CAE Building Blocks

CAE building blocks (CAE Blocks) are a series of archetypal CAE fragments, derived from an empirical analysis of real cases in various domains. They are created using a standardised structure for combining CAE and are part of a stack of resources that we are developing to support authors of assurance cases. These resources comprise the basic concepts of claims, argument, evidence; building blocks with a set of specific CAE structures; templates created out of the blocks to address particular classes of problems, and the overall assurance case created using blocks and templates.

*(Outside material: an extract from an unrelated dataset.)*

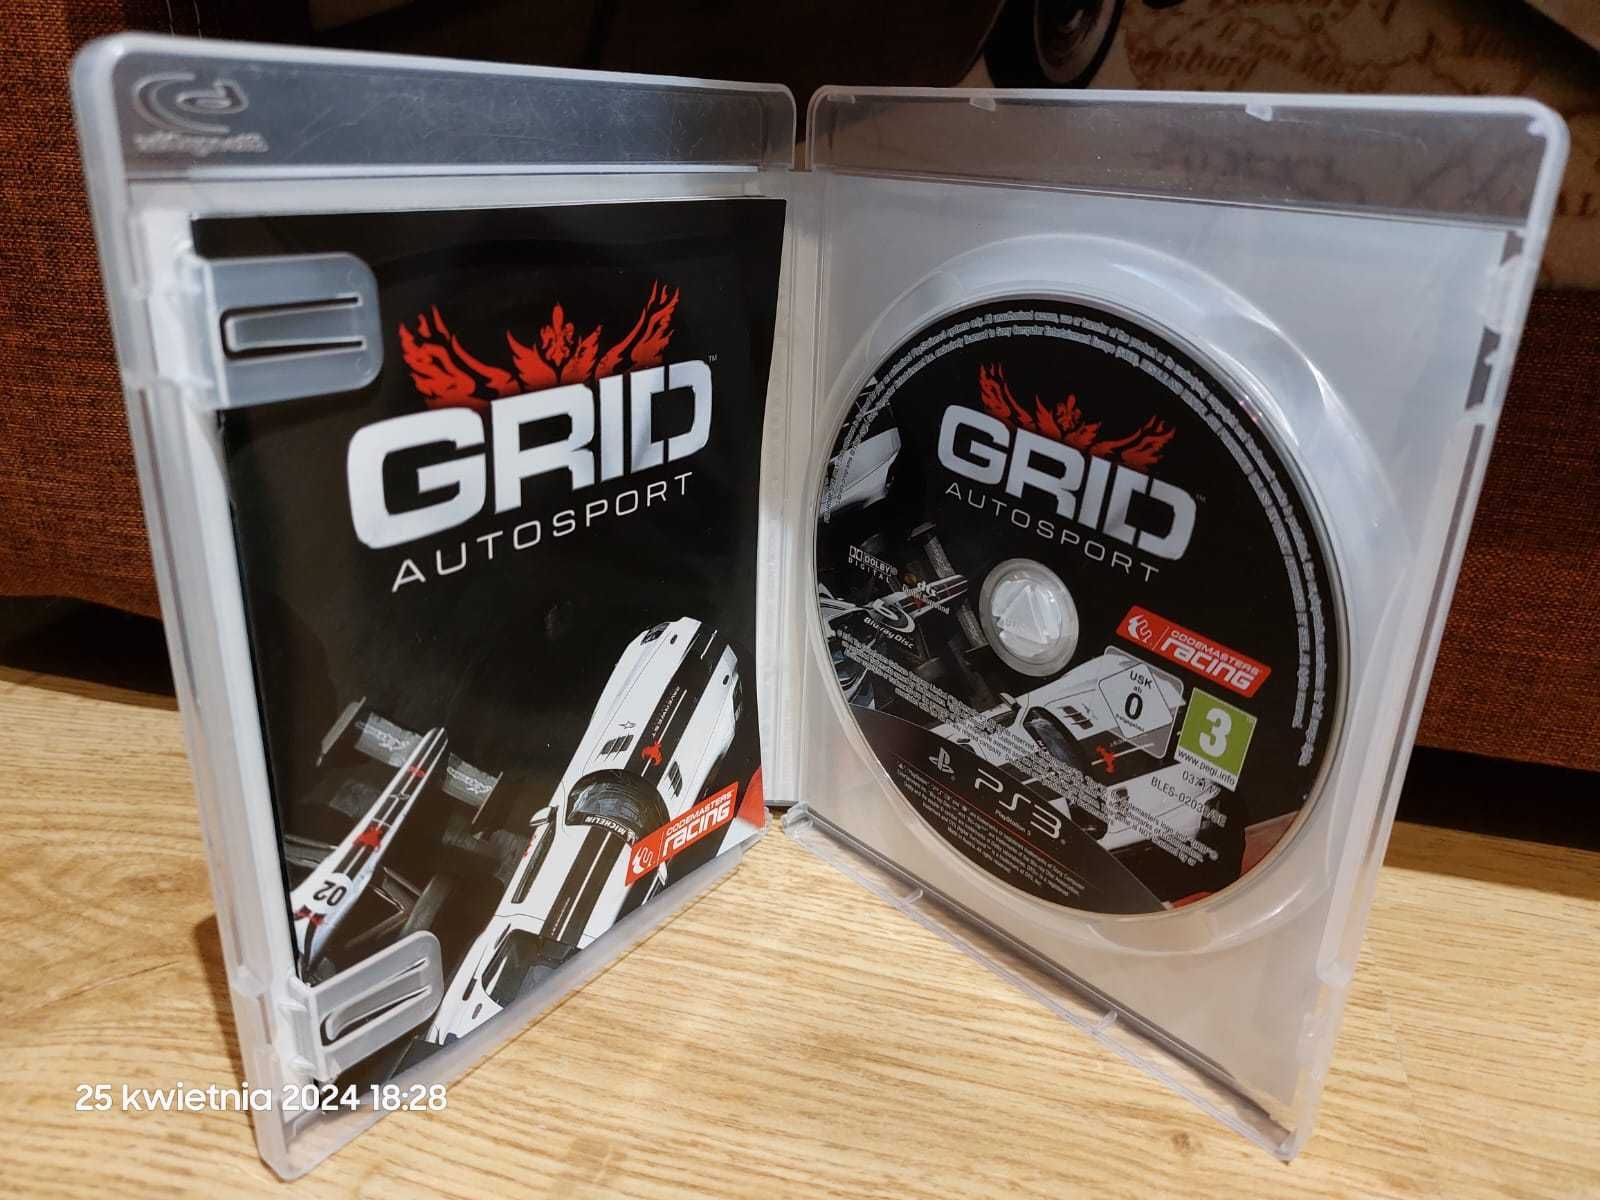 GRID: Autosport PlayStation 3

The block structure contains enhancements to the classical CAE approach. One enhancement is to how arguments are addressed: a special side-warrant element is introduced to explain and assist in a structured way whether the top-level claim can be deduced from the subclaims and under which circumstances the argument is valid. The five basic CAE building blocks that we have identified are:

Decomposition – partitions some aspect of the claim.
Substitution – refines a claim about an object into another claim about an equivalent object.
Concretion – gives a more precise definition to some aspect of the claim.
Calculation or proof – used when some value of the claim can be computed or proved.
Evidence incorporation – incorporates evidence that directly supports the claim.

The CAE Blocks allow us to distinguish between deductive and inductive reasoning and between those aspects we can gain confidence from verifying models and those we need to validate with respect to the real-world.